Under Section 80E of the Income Tax Act, the entire interest you pay on an education loan is deductible from your taxable income with no upper limit. The deduction is available for a maximum of 8 years starting from the year your repayment begins, or until the interest is fully repaid, whichever is earlier. Only interest qualifies — the principal does not — and your saving is the interest paid multiplied by your income-tax slab.
If you add (capitalise) simple interest to the principal during the moratorium, you pay nothing while studying but your loan grows, so the post-study EMI and total cost are higher. If you service the interest monthly during the moratorium, you pay a small amount each month while studying, the principal stays the same, and your post-study EMI and overall interest are lower. Servicing interest is cheaper if you can afford the monthly outgo; capitalising is easier on cash flow during the course.

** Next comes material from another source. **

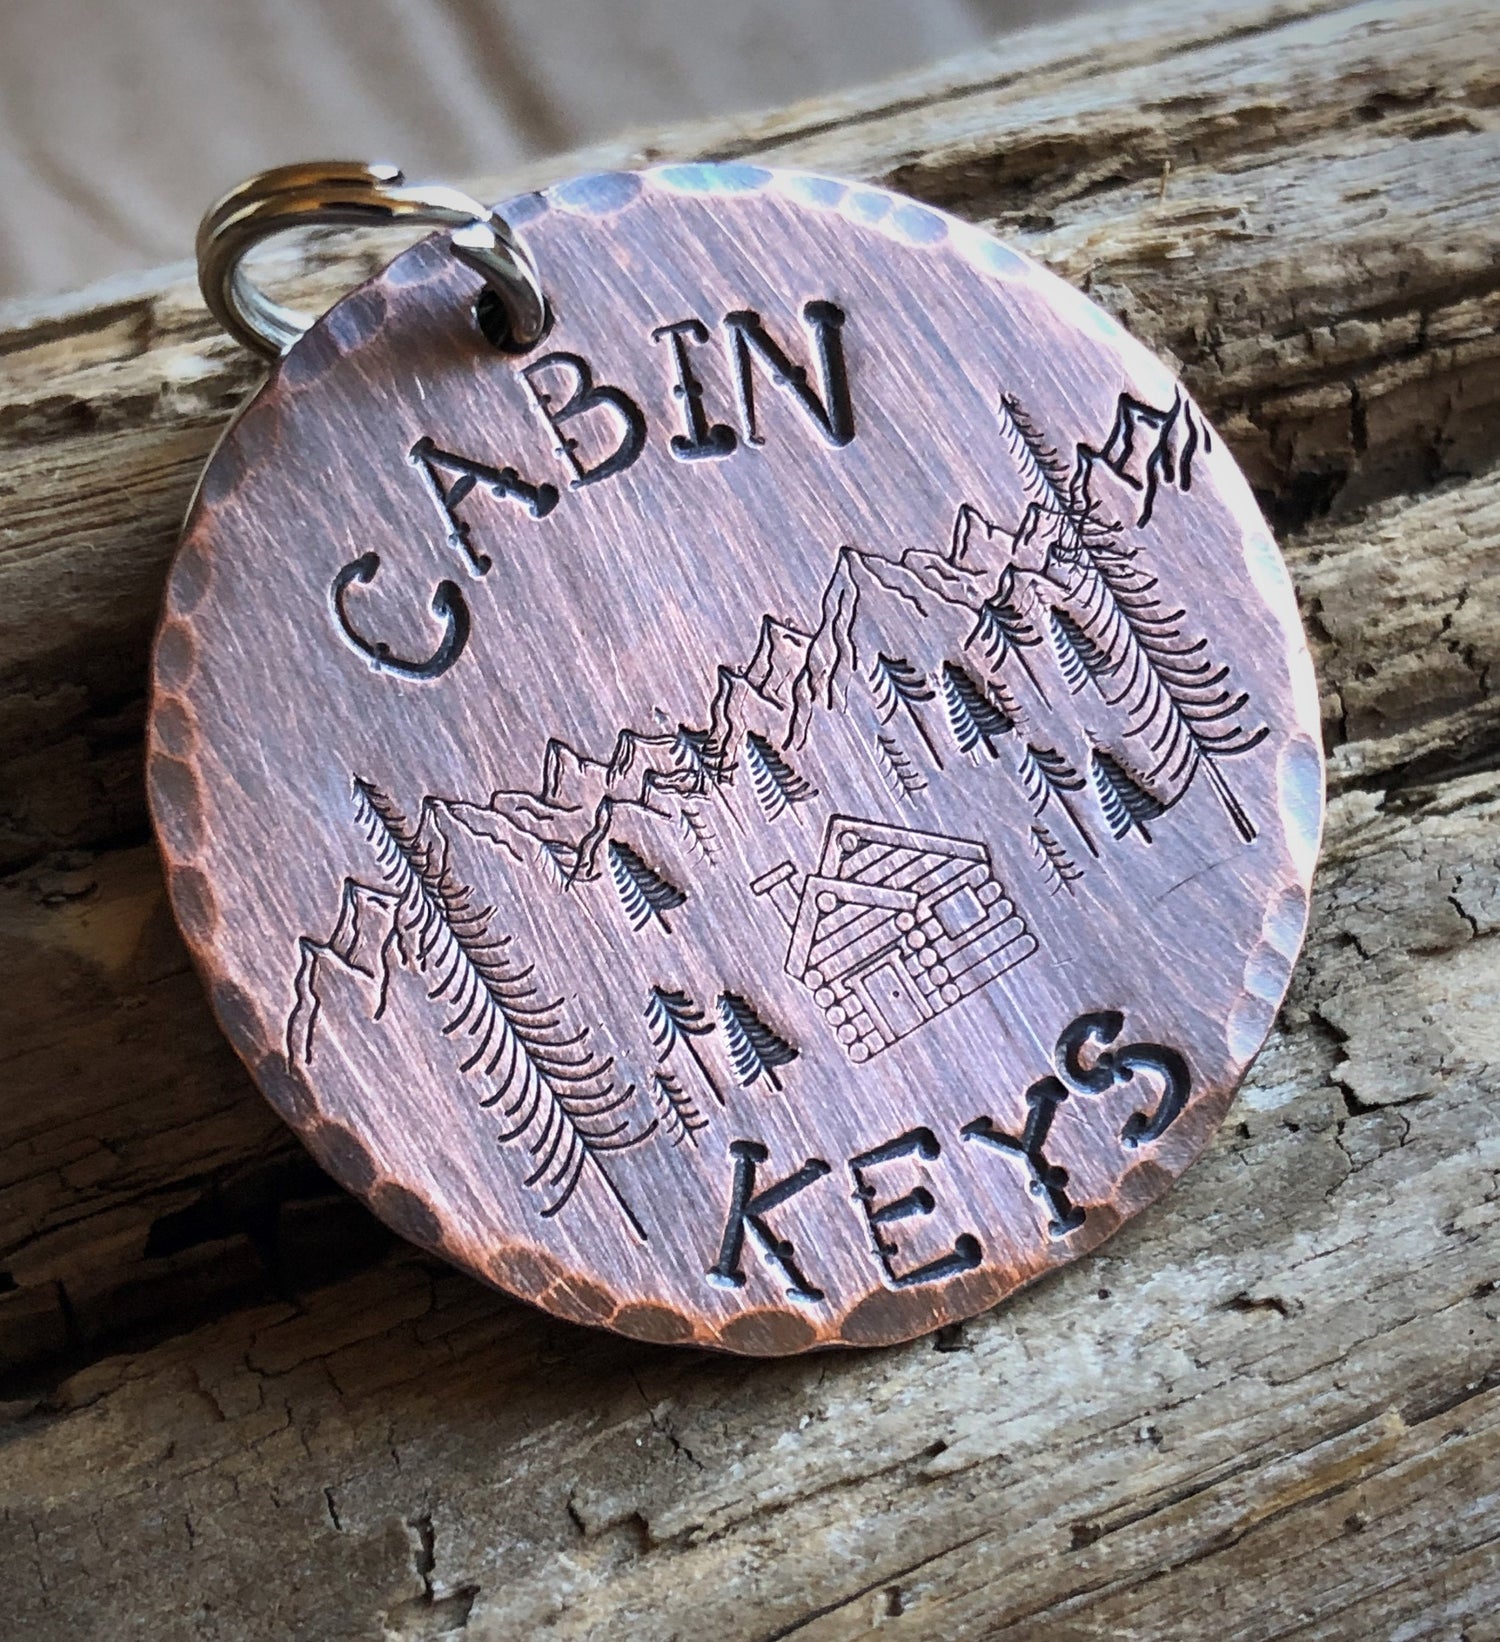 Cabin Keys, Keychain for Cabin, Cottage Keychain, Gift for Second Home, Hand Stamped Cabin Keychain, Housewarming Gift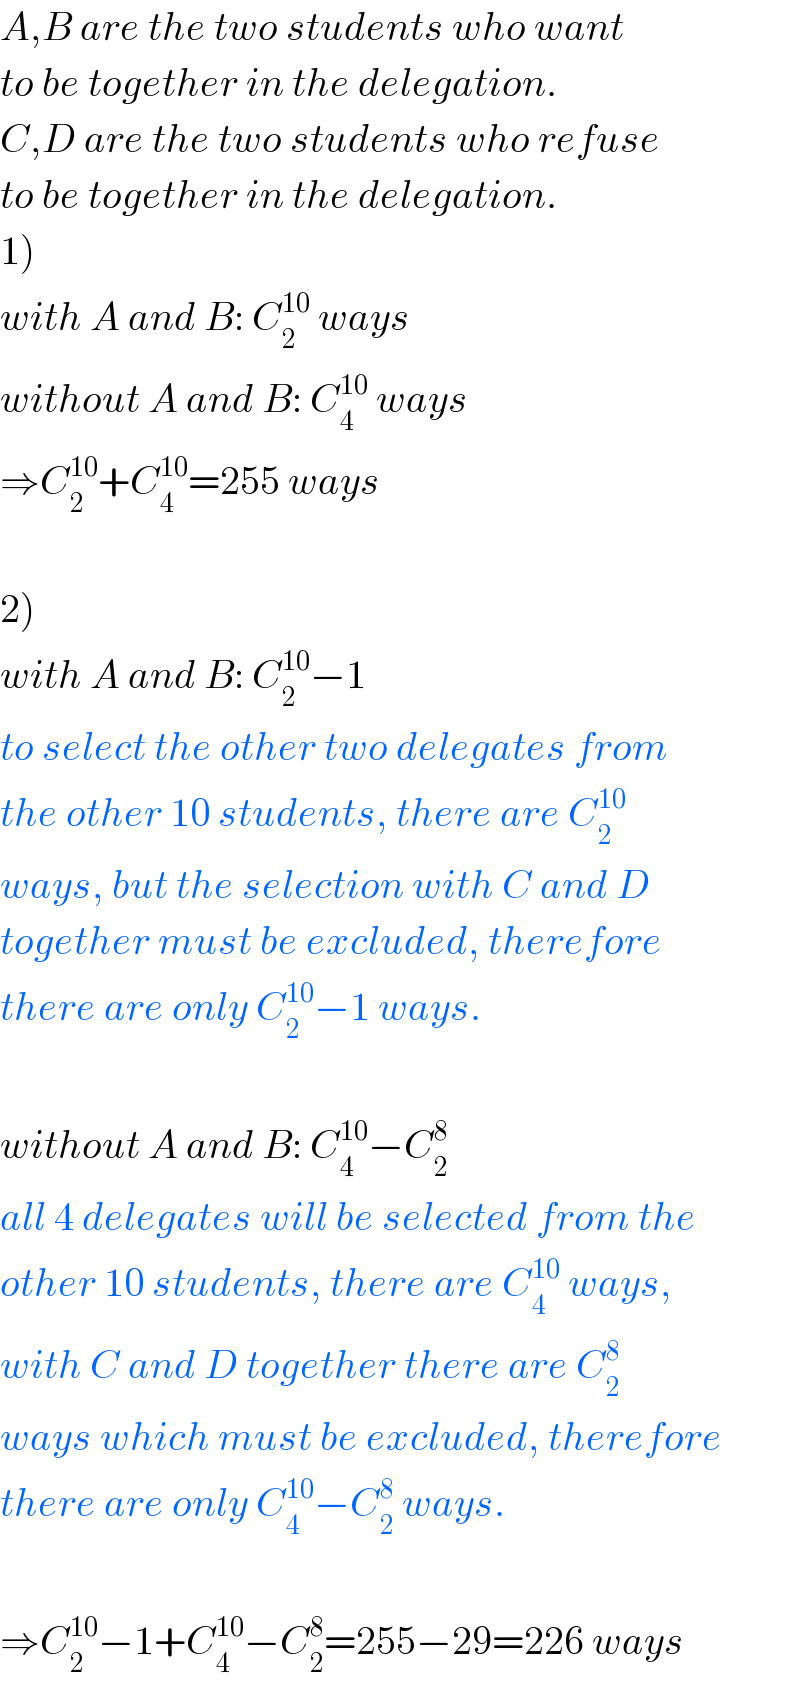 A,B are the two students who want  to be together in the delegation.  C,D are the two students who refuse  to be together in the delegation.  1)  with A and B: C_2 ^(10)  ways  without A and B: C_4 ^(10)  ways  ⇒C_2 ^(10) +C_4 ^(10) =255 ways    2)  with A and B: C_2 ^(10) −1  to select the other two delegates from  the other 10 students, there are C_2 ^(10)   ways, but the selection with C and D  together must be excluded, therefore  there are only C_2 ^(10) −1 ways.    without A and B: C_4 ^(10) −C_2 ^8   all 4 delegates will be selected from the  other 10 students, there are C_4 ^(10)  ways,  with C and D together there are C_2 ^8   ways which must be excluded, therefore  there are only C_4 ^(10) −C_2 ^8  ways.    ⇒C_2 ^(10) −1+C_4 ^(10) −C_2 ^8 =255−29=226 ways

You may be eligible for government support such as the Central Sector Interest Subsidy (CSIS), which can cover the interest during the moratorium for students from economically weaker sections studying in India at approved institutions. Many lenders also accept applications through the Vidyalakshmi portal, a single window for education loans and subsidy schemes. Eligibility depends on income limits, the course and the institution; any subsidy is applied by the lender and is not included in the estimate above.
It is an indicative estimate. Your real EMI depends on the interest rate the lender offers for your course and profile, the exact moratorium and repayment tenure sanctioned, how interest is treated during the moratorium, and any subsidy you qualify for. We confirm the final numbers with you before you commit.